I should also say that I am thankful for the detailed and insightful comments on early drafts of this book by Richard Barnes, Iain Boal, Elizabeth Borgwardt, Mike Daube, DeWitt Durham, William Frable, Stanton Glantz, Ray Goldstein, David Hollinger, Phyra McCandless, Jennifer Morris, Mark Parascandola, John Proctor (my brother), David Rosner, Jonathan Samet, Steven Schroeder, Elizabeth A. Smith, Eugenia Somers (my mom), and Elizabeth Watkins. To my editors, Hannah Love and Sheila Berg, I must express a debt of thanks for tolerating my prolix prose. And a thanks to my companions at CASBS up on the hill.
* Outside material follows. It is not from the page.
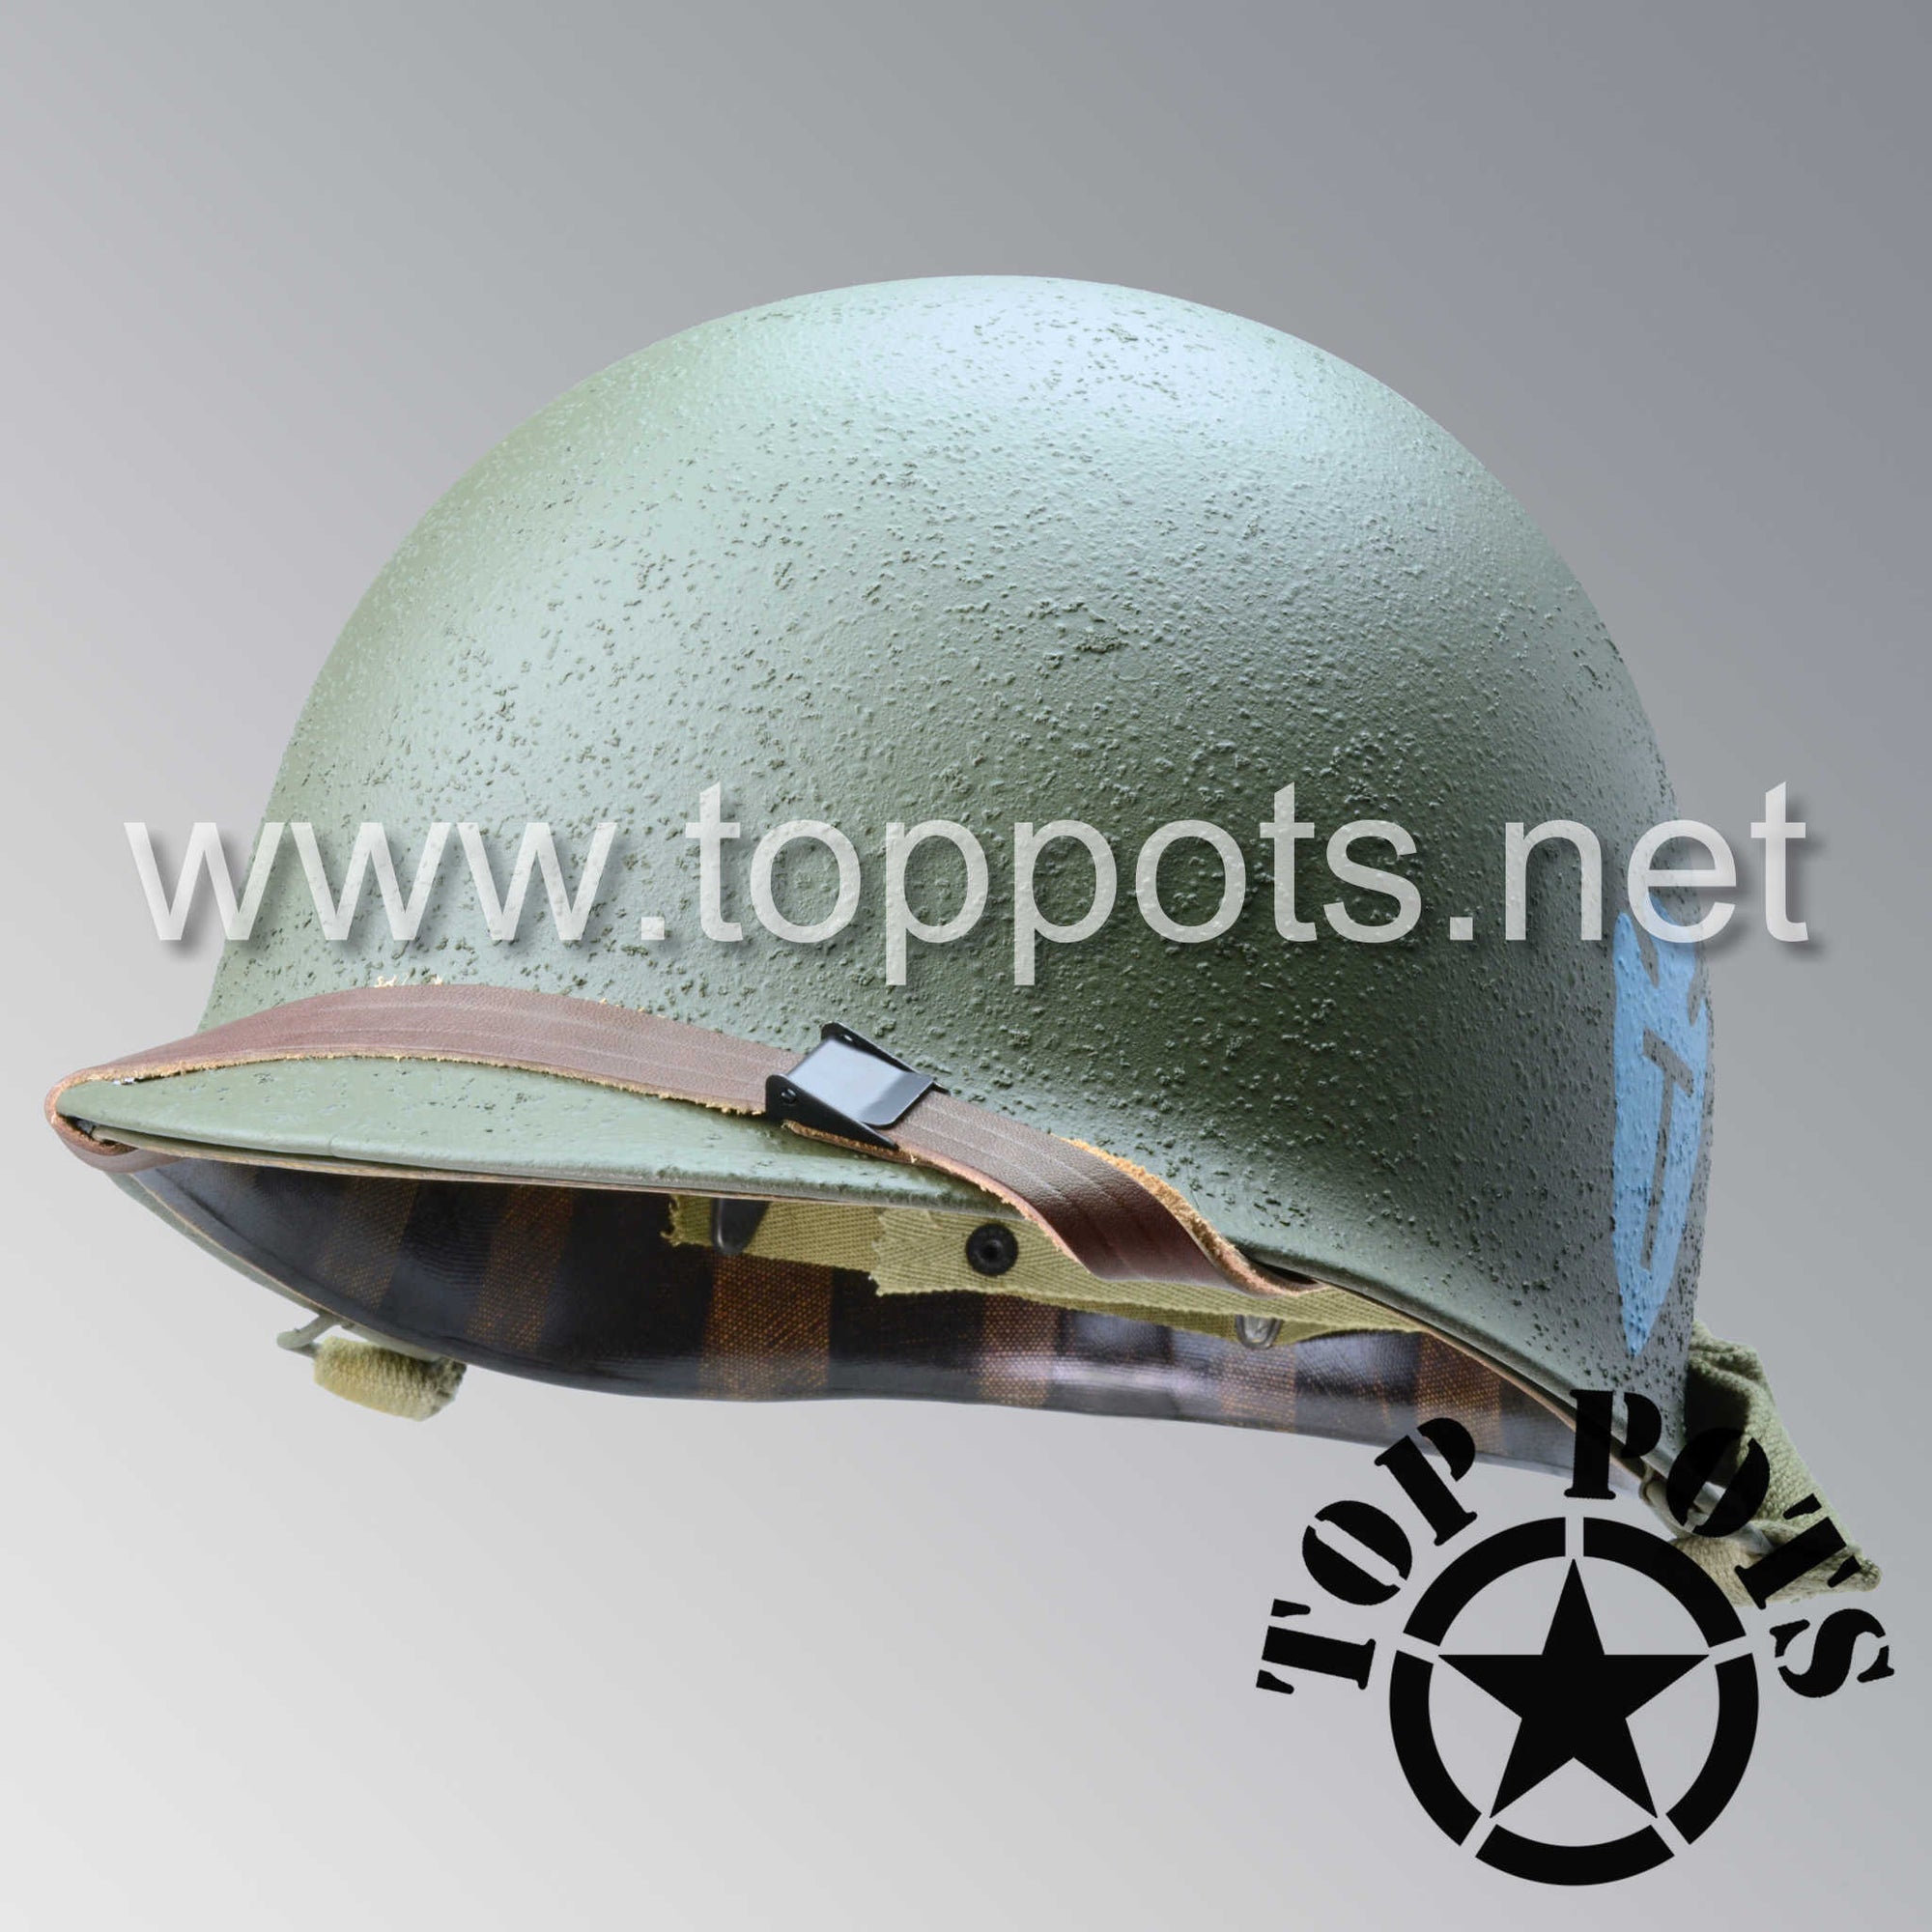 WWII US Army Restored Original M1 Infantry Helmet Swivel Bale Shell and Liner with 36th Infantry Division Emblem

I would also like to thank two colleagues—Allan Brandt and Louis Kyriakoudes—for their acumen and insight. Both of these distinguished historians know what it is like to be on the receiving end of the industry’s legal fury, a story that some day will require a separate telling (Jon Wiener makes a good first start in his 2010 account, “Big Tobacco and the Historians,” for the Nation). Suffice it here to say I owe a debt of gratitude to the judiciary of the state of Florida, which barred the tobacco industry from gaining access to an early draft of the present book (which had been subpoenaed). I should also thank Lauren Schoenthaler in Stanford University’s Office of the General Counsel for helping me to protect my First Amendment rights.
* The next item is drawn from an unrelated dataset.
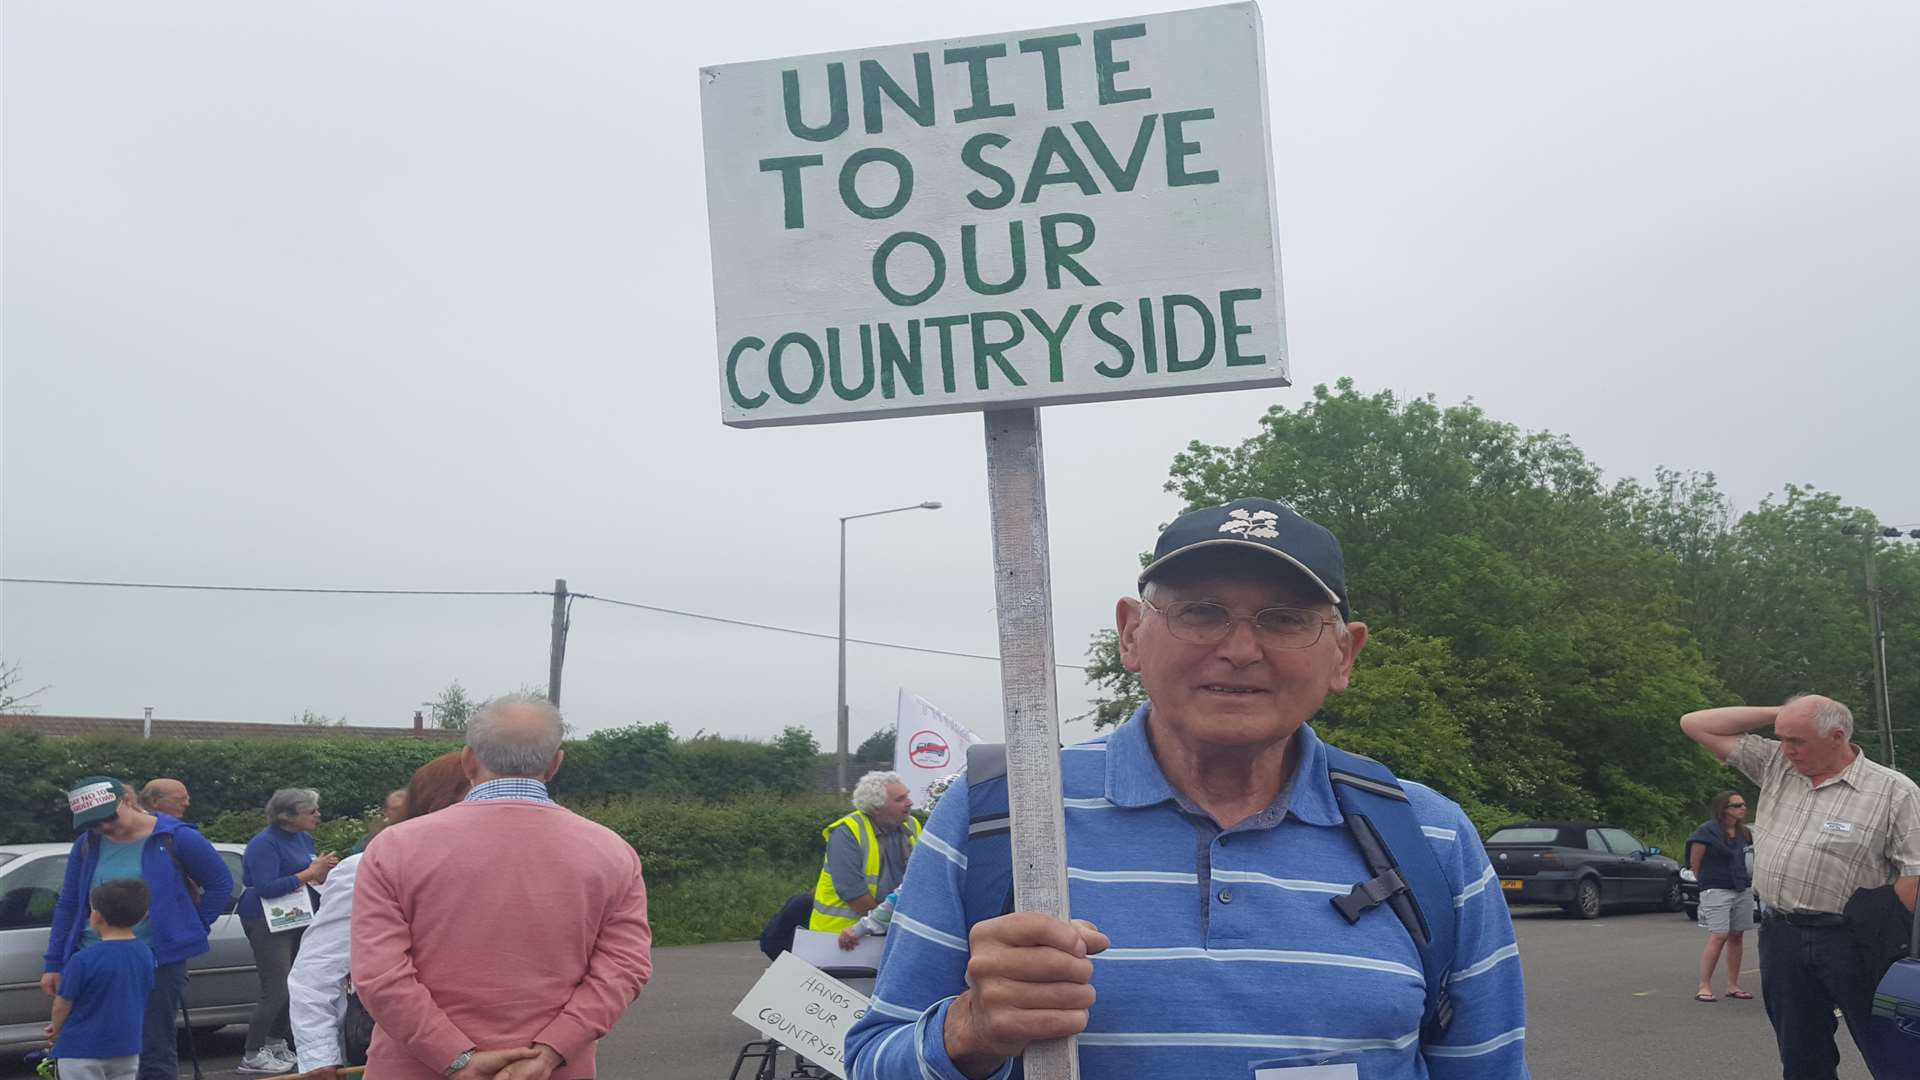 Bob Paddon joined the protests

Last but not least, I would like to thank those many cigarette industry lawyers with whom I have sparred over the past dozen-odd years. Being deposed is not always a pleasant experience, but it can help sharpen one’s ideas—and can even open up opportunities to reverse engineer anxieties. Several of the lines of inquiry explored in this book were first proposed to me (inadvertently, perhaps) by attorneys working for the defense in litigation. I am particularly grateful in this regard to William Allinder, David Bernick, Annie Chuang, Jeffrey L. Furr, Roger Geary, Theodore Grossman, Stephen J. Kaczynski, Frank P. Kelly, Elizabeth P. Kessler, Paul D. Koethe, Christine Lawson, Kenneth J. Reilly, Bruce Sheffler, and Douglas B. Smith, all esquires for the tobacco trade.
Most people have no idea how much energy has been marshaled in defense of this, the world’s deadliest business enterprise. Critics of the industry, even with mountains of truth on their side, remain as Davids against the tobacco Goliath. Sometimes, though, even a small stone can work wonders.